[Task statement]
Line by line, repeat the material below exactly and skip the images.

[Recorded data]

-*-

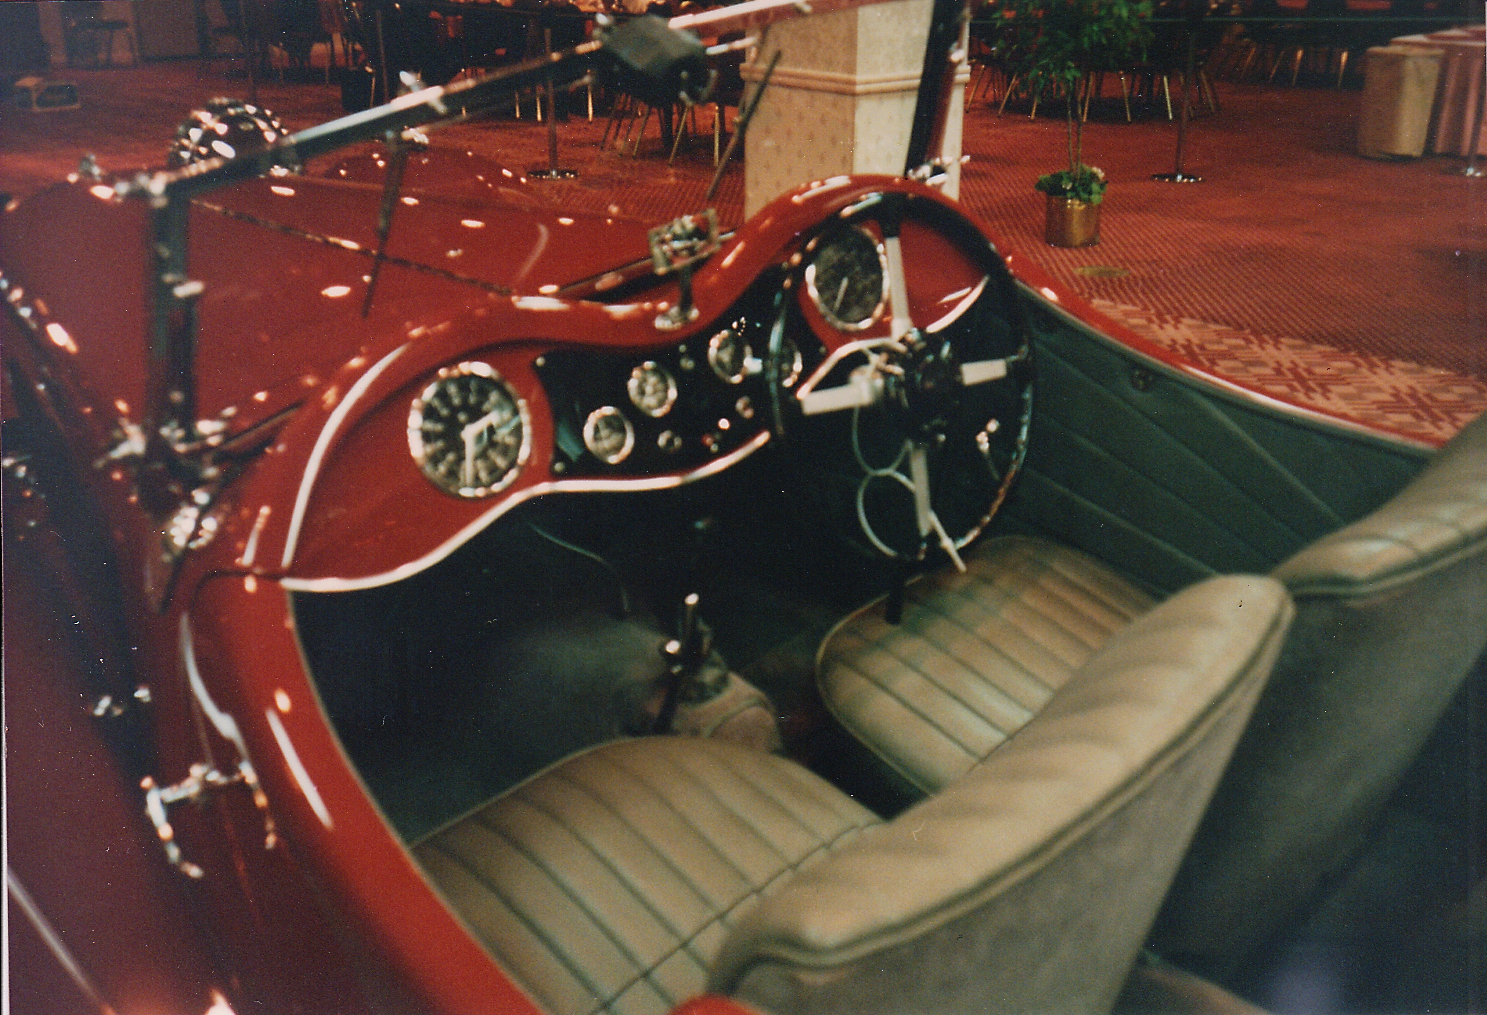 A 1933 SS1, predecessor to the Jaguar.
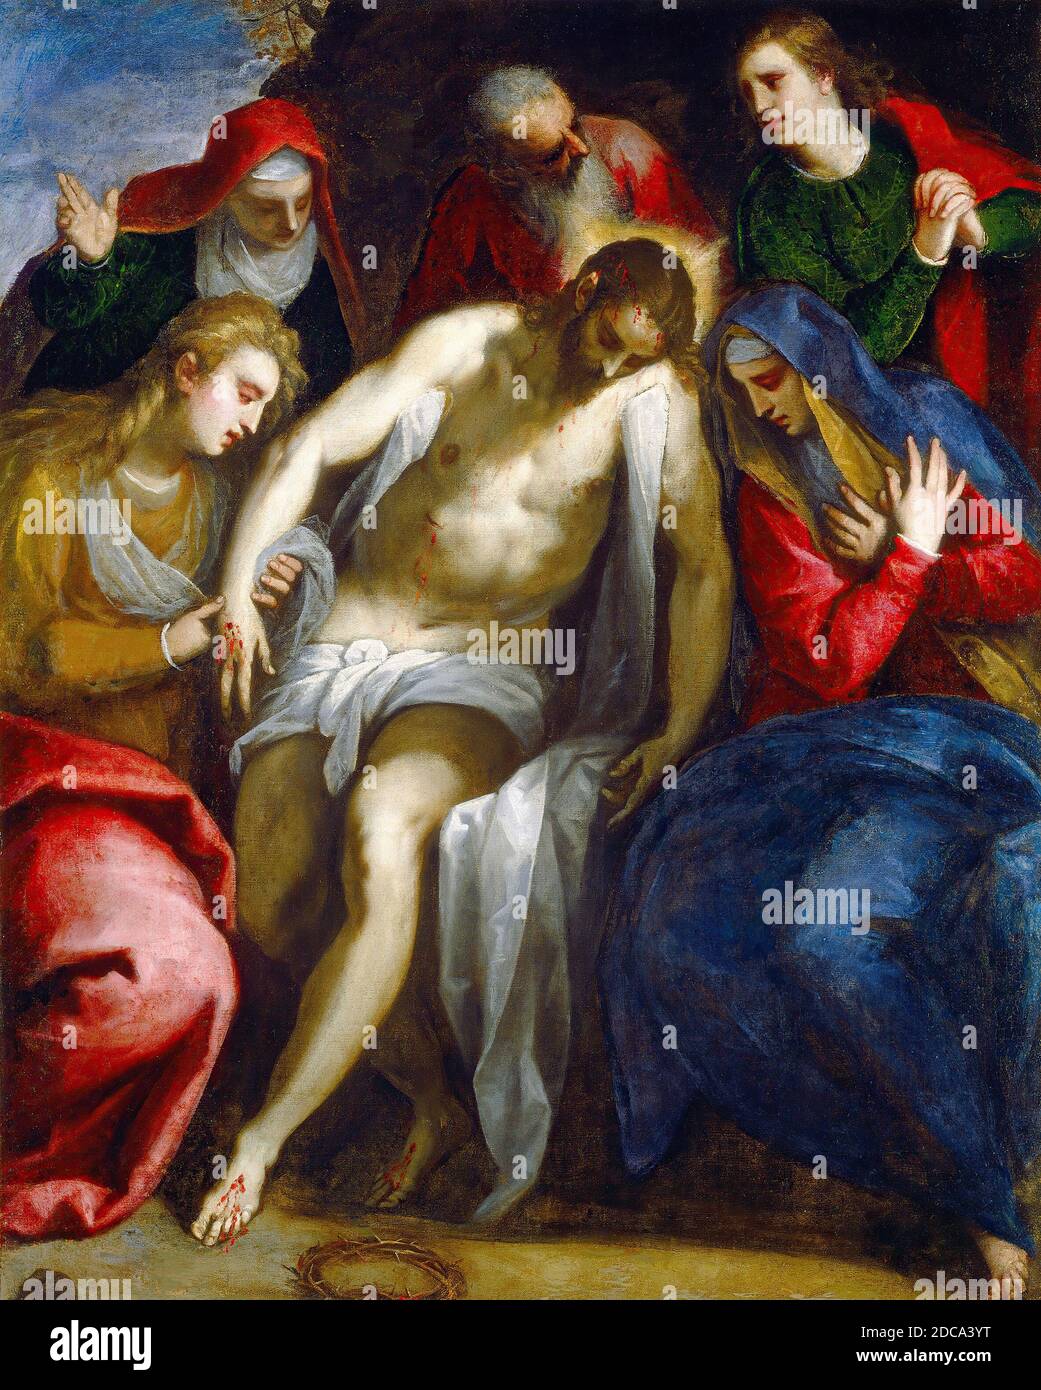 Jacopo Palma il Giovane, (peintre), vénitienne, 1544 ou 1548 - 1628, Lamentation, c. 1620, huile sur toile, hors tout : 134.6 x 109.2 cm (53 x 43 po.), encadré : 158 x 132.9 x 8.1 cm (62 3/16 x 52 5/16 x 3 3/16 po), donné en mémoire de William E. Suida par Bertina Suida Manning et Robert L. Manning, en l'honneur du 50e anniversaire de la Galerie nationale d'art Banque D'Images
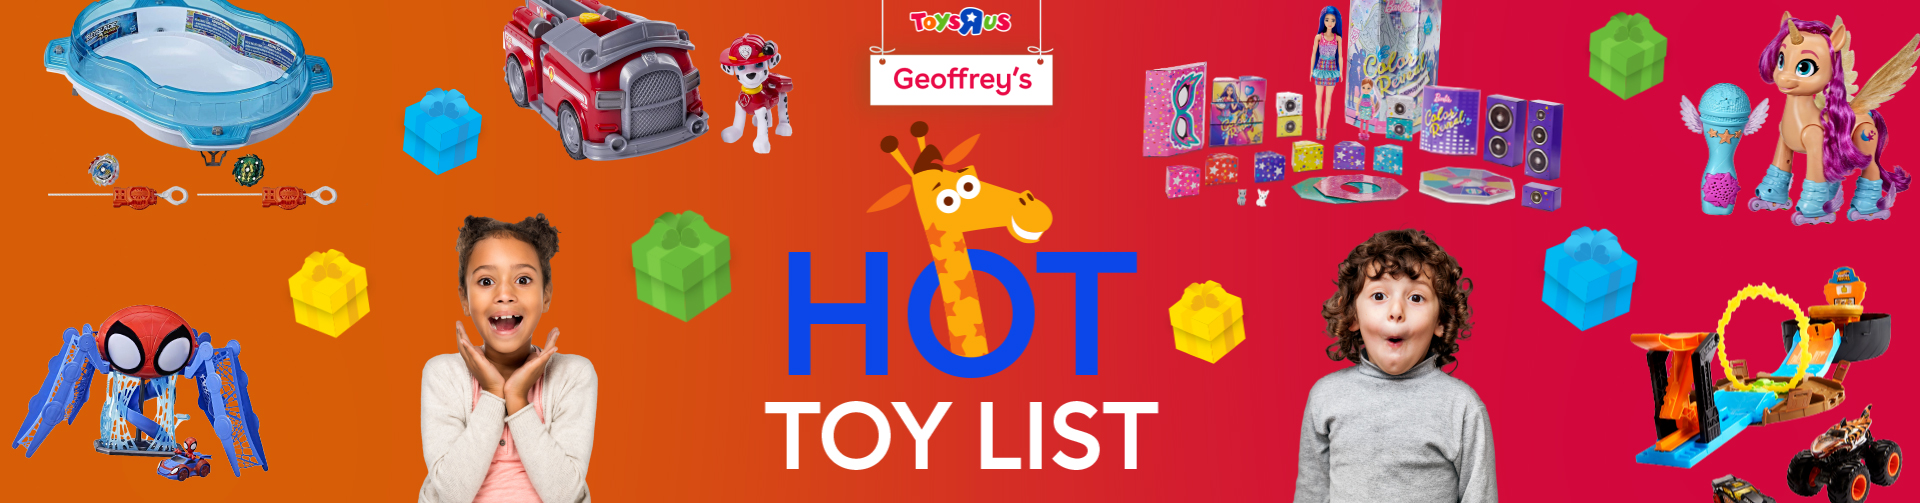 geoffreys hot toy list

-*-

[Result of this task]
 A 1933 SS1, predecessor to the Jaguar.
 Jacopo Palma il Giovane, (peintre), vénitienne, 1544 ou 1548 - 1628, Lamentation, c. 1620, huile sur toile, hors tout : 134.6 x 109.2 cm (53 x 43 po.), encadré : 158 x 132.9 x 8.1 cm (62 3/16 x 52 5/16 x 3 3/16 po), donné en mémoire de William E. Suida par Bertina Suida Manning et Robert L. Manning, en l'honneur du 50e anniversaire de la Galerie nationale d'art Banque D'Images
 geoffreys hot toy list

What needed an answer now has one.